**PROBLEM TO SOLVE:** Repeat, exactly and in full, the lines of the listing below, but without any pictures.

**DATASET EXTRACT:**
━━━━━━━━━━━━━━━━
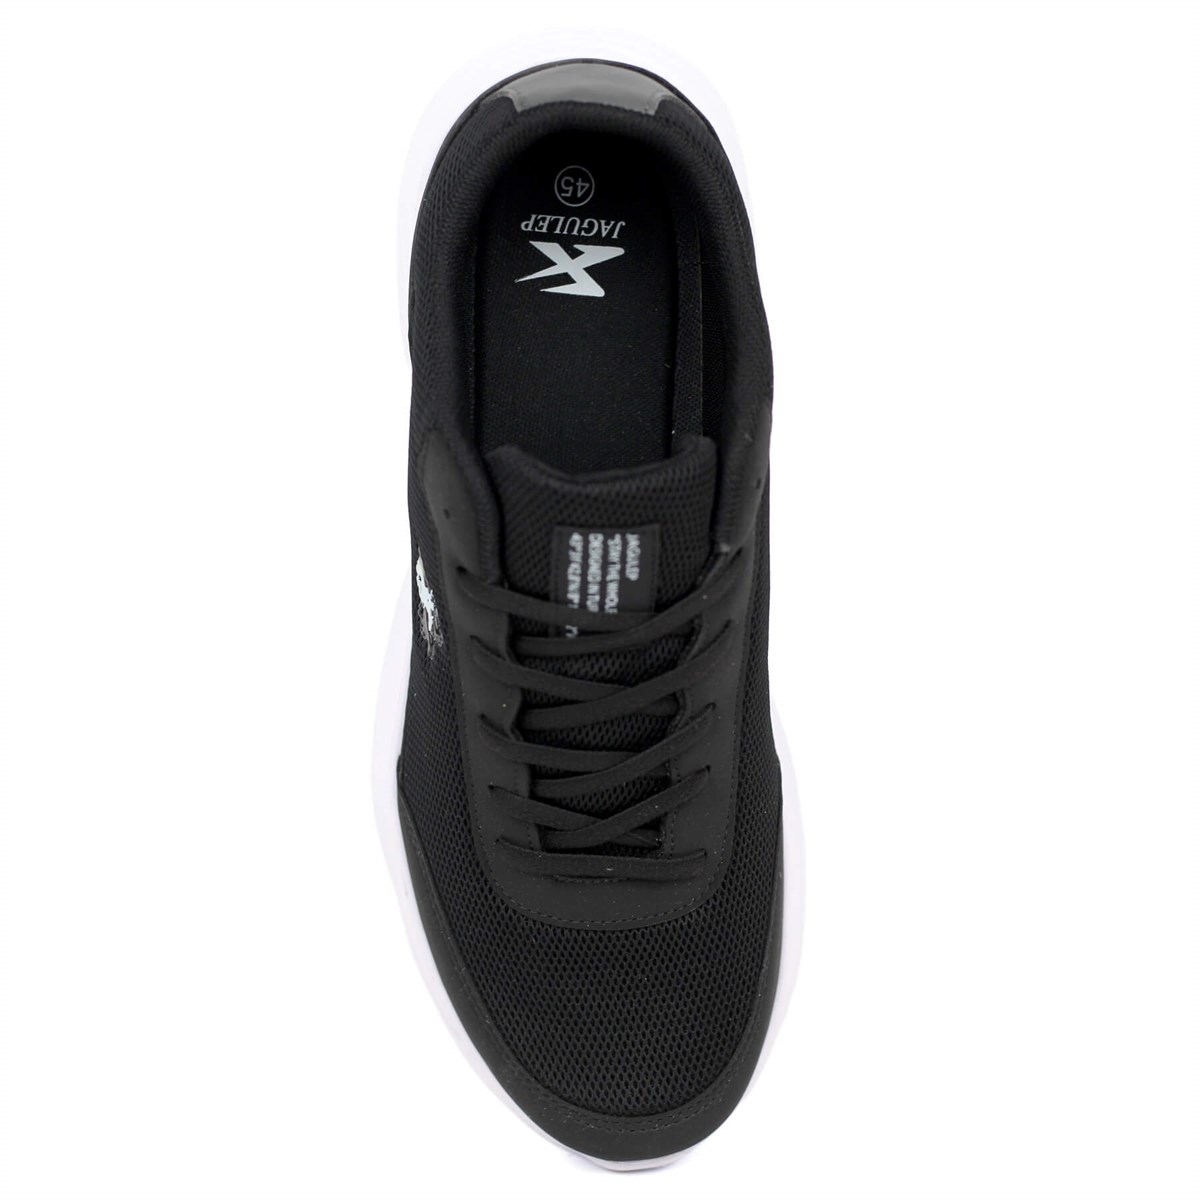 Jagulep Günlük Sneaker Ayakkabı Büyük Numara Erkek Siyah 2655
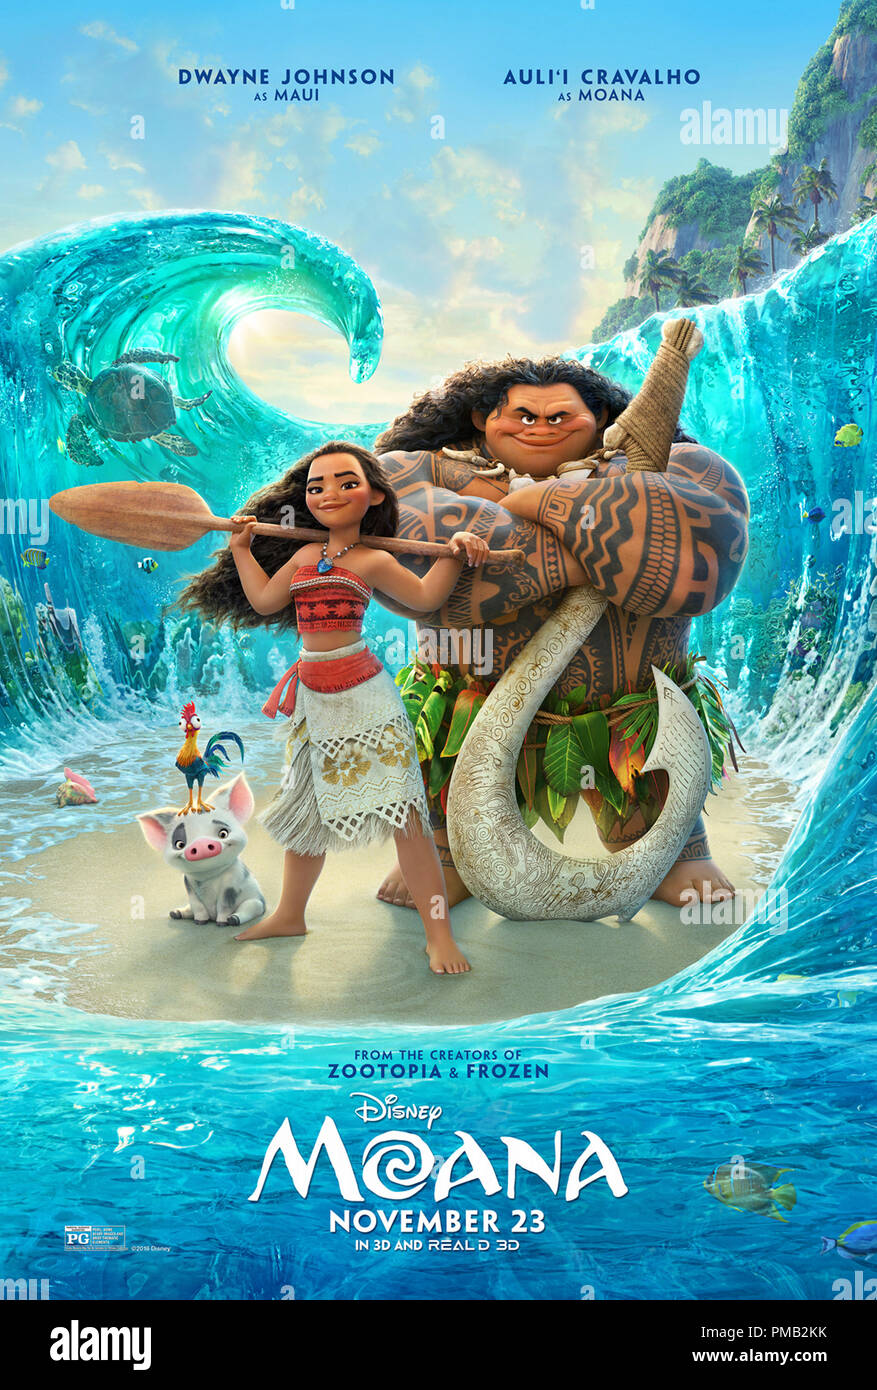 Maui (voix de Dwayne Johnson) et Moana (voix de Auli'je Cravalho) 'Moana' (2016) Affiche de Disney Banque D'Images
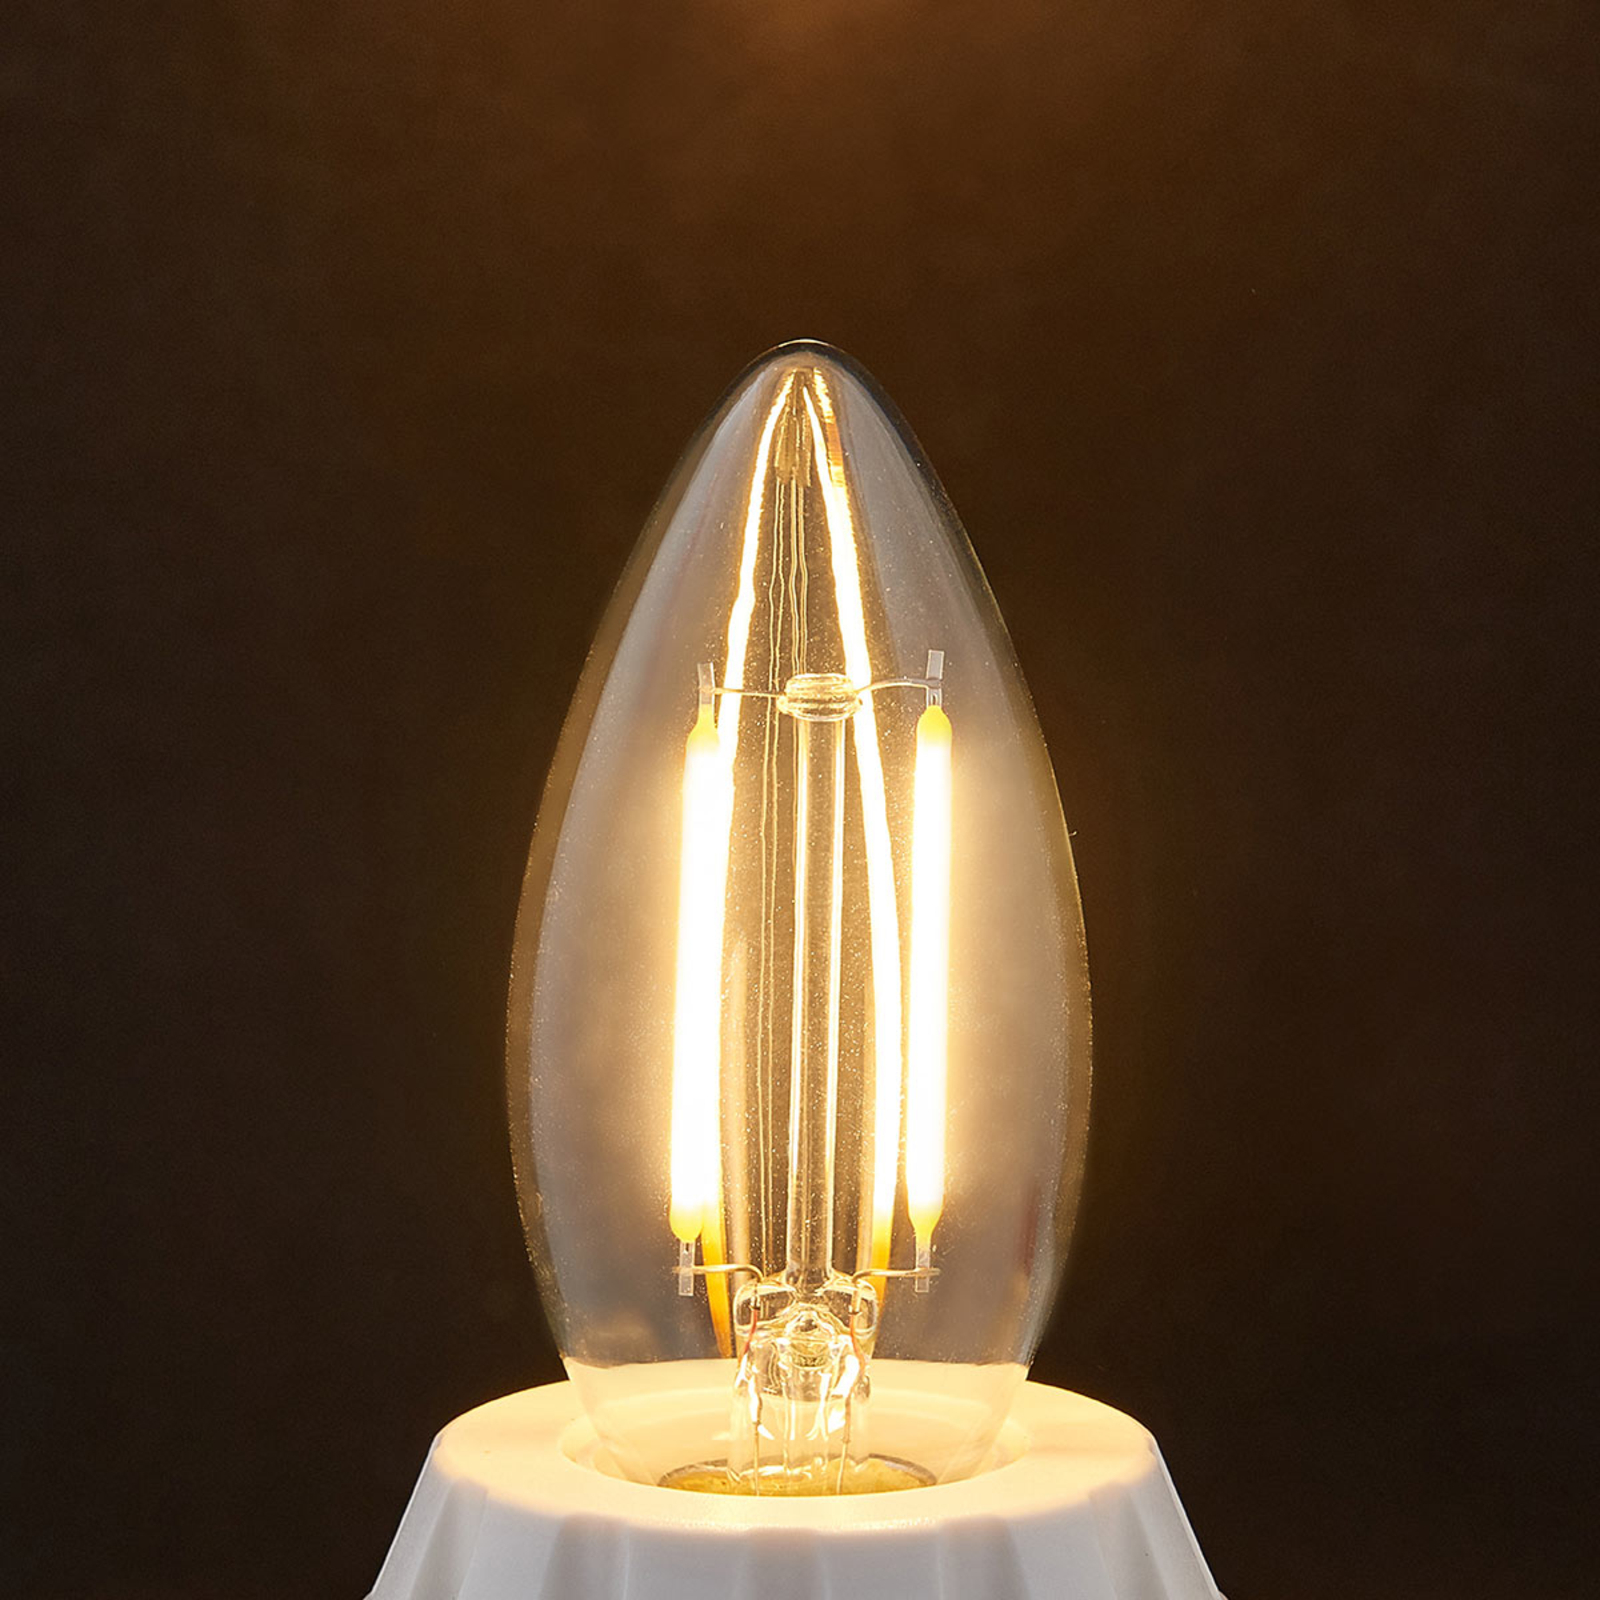 E14 LED kaarslamp gloeidraad 2W, helder, 2700 K
━━━━━━━━━━━━━━━━
**OUTPUT OF THE TASK:**
 Jagulep Günlük Sneaker Ayakkabı Büyük Numara Erkek Siyah 2655
 Maui (voix de Dwayne Johnson) et Moana (voix de Auli'je Cravalho) 'Moana' (2016) Affiche de Disney Banque D'Images
 E14 LED kaarslamp gloeidraad 2W, helder, 2700 K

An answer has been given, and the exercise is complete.